--- GIVEN INFORMATION Enclosed Below ---
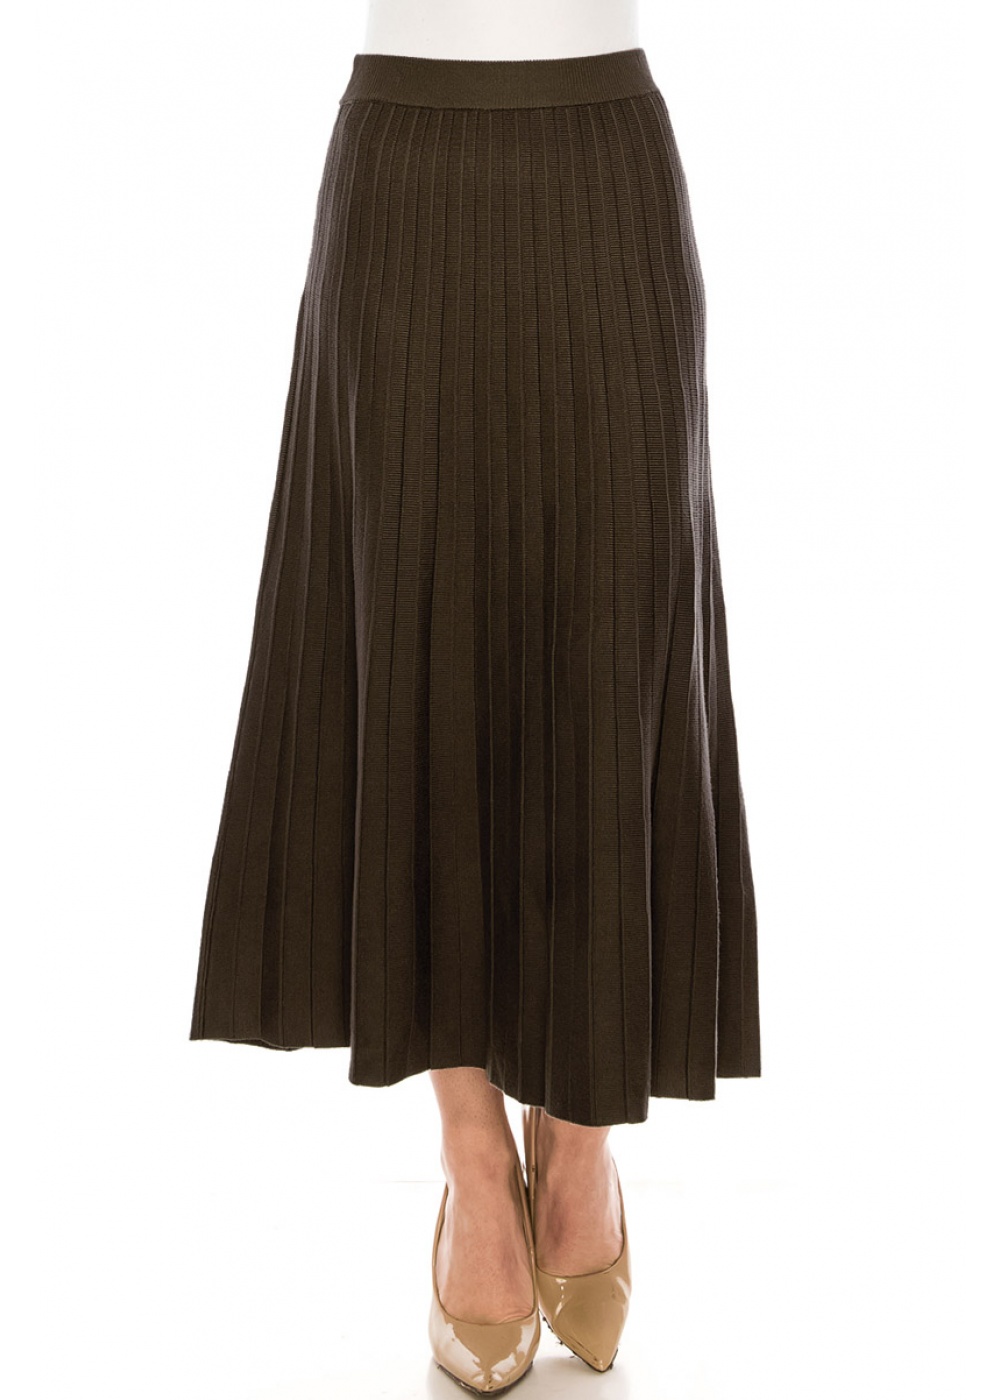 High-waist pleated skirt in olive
--- End of Enclosed GIVEN INFORMATION ---
--- GIVEN INFORMATION Enclosed Below ---
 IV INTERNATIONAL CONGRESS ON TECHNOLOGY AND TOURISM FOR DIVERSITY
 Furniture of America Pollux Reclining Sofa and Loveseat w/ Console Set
--- End of Enclosed GIVEN INFORMATION ---
--- GIVEN INFORMATION Enclosed Below ---
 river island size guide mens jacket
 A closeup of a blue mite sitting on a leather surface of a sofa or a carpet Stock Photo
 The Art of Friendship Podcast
--- End of Enclosed GIVEN INFORMATION ---
- **ASSIGNMENT**: Given the records above, reproduce precisely and only the lines between the line holding "river island size guide mens jacket" and the line holding "The Art of Friendship Podcast", inclusive.

- **TASK OUTPUT**:
 river island size guide mens jacket
 A closeup of a blue mite sitting on a leather surface of a sofa or a carpet Stock Photo
 The Art of Friendship Podcast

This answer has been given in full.